39-SNP bladder cancer dataset
The cases in the dataset were selected from people at the same age range who were diagnosed with bladder cancer among from the same start time through longer enrollment period until June 2001 in the New Hampshire State Cancer Registry. Controls were chosen the same way, and shared controls from a non-melanoma skin cancer study with longer diagnostic period of July 1993 through June 1995 and June 1997 through March 2000, and with additional controls assigned as above described . DNA was isolated using the same way as above and genotyping was performed using the GoldenGate Assay system by Illuminaś Custom Genetic Analysis service (Illumina, Inc.). Same data pre-precessing were performed as above. A subset of 39 SNPs was pre-selected from this dataset based on a previous SNP-SNP interaction study . The 39 SNPs have previously been identified as the largest connected components with interactions in the statistical epistasis network (SEN) . This dataset includes 791 controls and 491 bladder cancer cases.
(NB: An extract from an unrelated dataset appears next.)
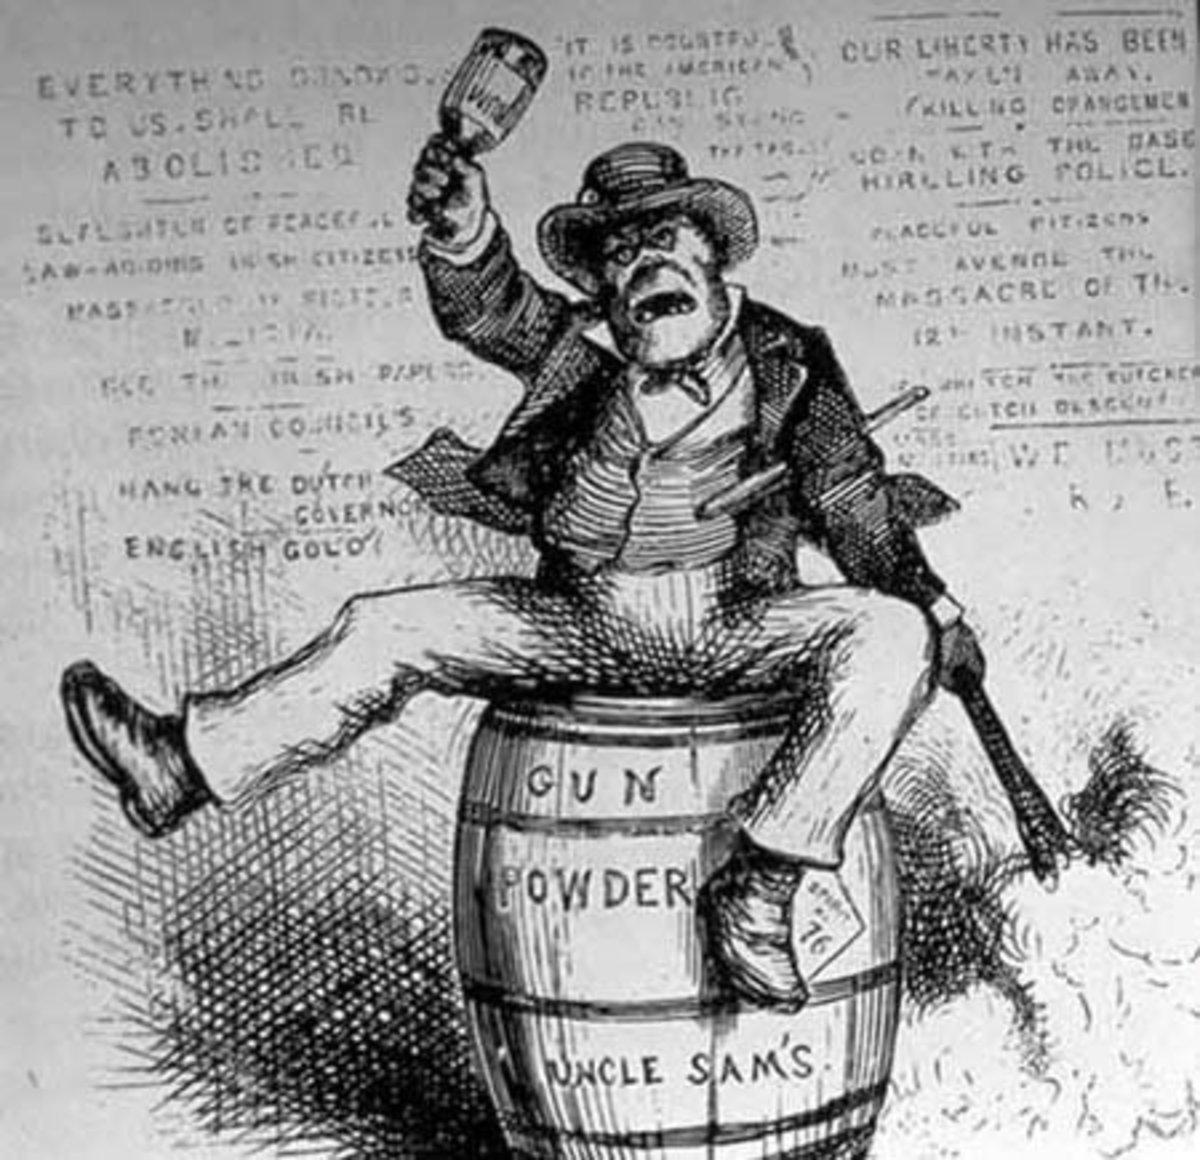 A racist cartoon depiction of an Irish immigrant.

This dataset had multiple pairs of SNPs had interactions.
Evaluation of our method using simulated data
A total of 160 different datasets, each with 100 replicates were simulated using GAMETES based on the different combination of genetic constraints, that included number of interaction locus (2), heritability (0.001, 0.005, 0.01, 0.05, 0.1, 0.2, 0.3 or 0.4), minor allele frequencies (0.2), number of SNPs (5, 10, 15, 20 or 25), sample size (2000 or 4000), extreme EDM (highest or lowest) and population prevalence that is allowed to vary. The datasets were generated from random, pure and strict epistasis models using GAMETES, with one pair of highly interacted SNPs named M0P0, M1P1, and with the rest of SNPs named Nx. The success rates for identifying the interacting SNPs, M0P0 and M1P1, were calculated for each dataset, and averaged from 100 replicates; see Table 1. It was shown that under most of the genetic constraint combinations, our approach achieved great success rates when identifying interacting SNPs. We also observed that our approach performed better when detecting interaction in models with the highest EDM and higher heritability, in datasets that include less numbers of SNPs, or larger sample size. For the datasets with 5 SNPs, the success rates were 100 % for all the datasets with heritability greater or equal to 0.05.
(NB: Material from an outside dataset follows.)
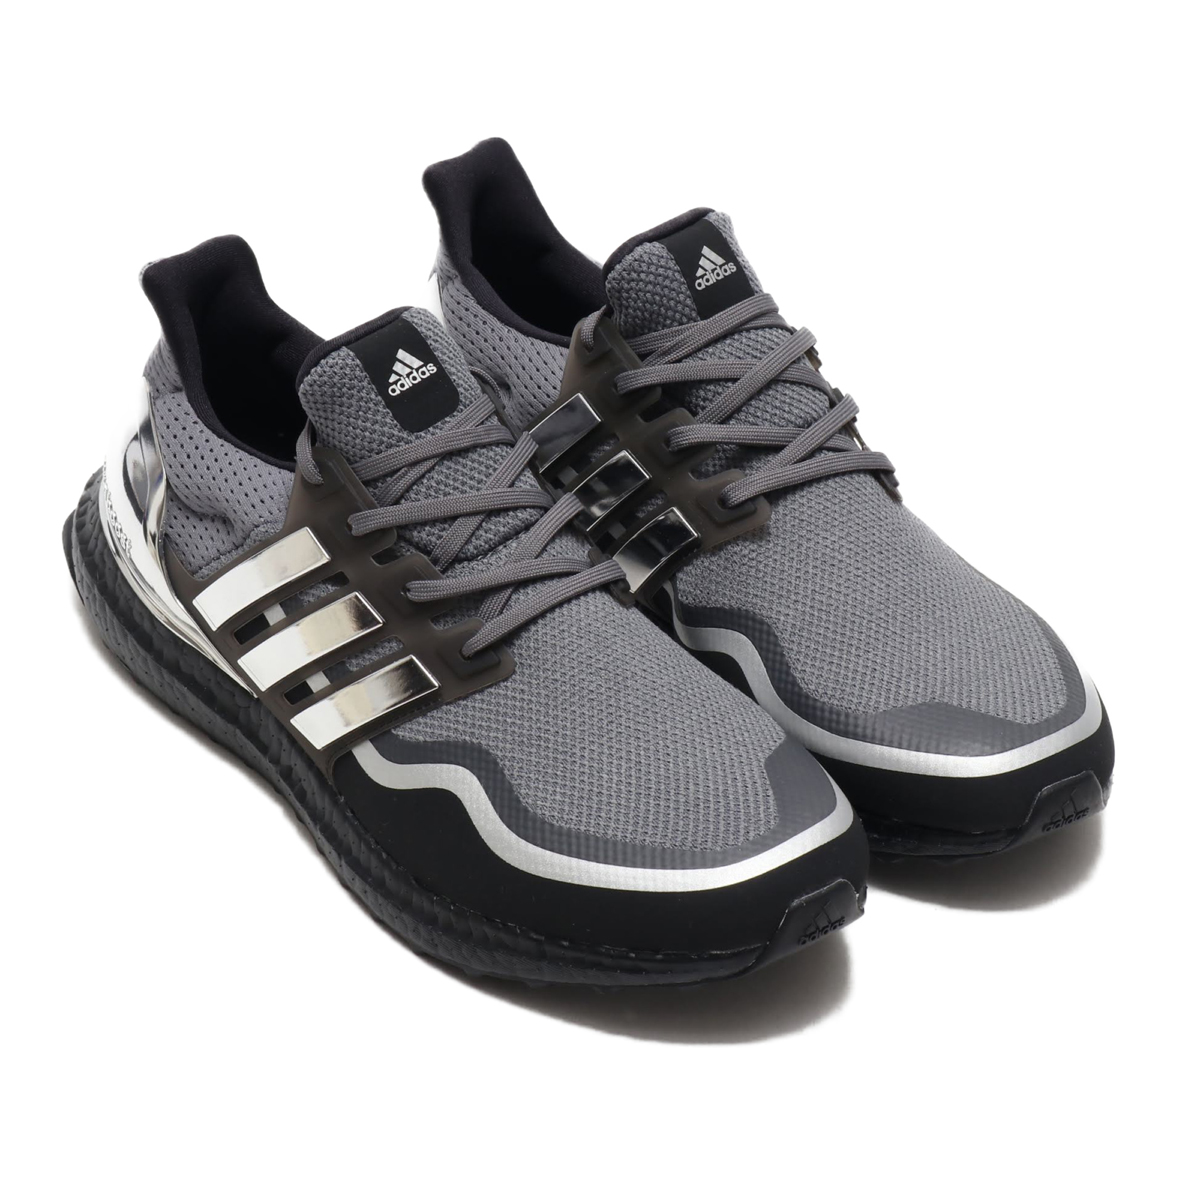 New Adidas Ultra Boost 3.0 LTD Mid Grey Tan Khaki Suede Leather

Evaluation of our method using 7-SNP bladder cancer dataset by comparing with MDR
The subset of bladder cancer dataset contained 7 SNPs, XRCC3 (rs861539), APE1 (rs3136820), XPD_751 (rs13181), XRCC1_399 (rs25487), XPD_312 (rs1799793), XRCC1_194 (rs1799782), XPC_PAT (rs2228001). We applied our permuted Random Forest (pRF) on this dataset and successfully identified the SNP pair, XPD_751 and XPD_312, with the highest different error rates using our two permutation schemes. RF was applied on the whole dataset using R package ‘randomForestSRC’ with the default setting except nsplit = 0, ntree = 100. The same two permutation strategies were used and repeated 10 times to obtain the average error rate difference Δ E for each pair of SNP. As shown in Table 2, by removing the interaction between this two SNPs using permutation strategy, the error rate was greatly increased from 33.76–41.00 %. Δ E was 7.23 % for this SNP pair, while the rest ranged from −0.84–0.99 %. Different numbers of permutations, tree numbers and splitting rules had been applied in our method; however, the interaction pair could always be identified (data not shown). To compare our method with other method, MDR was also used on the same dataset to identify the top 2-way models, which indicates the highly interacted SNPs. The last column showed how the MDR ranks the top 2-way models based on the likelihood of having interactions among the SNPs. We found for the most interacted pair shown by our approach, MDR was showing the consistent results by ranking it as the most interactive pairs of SNPs as well.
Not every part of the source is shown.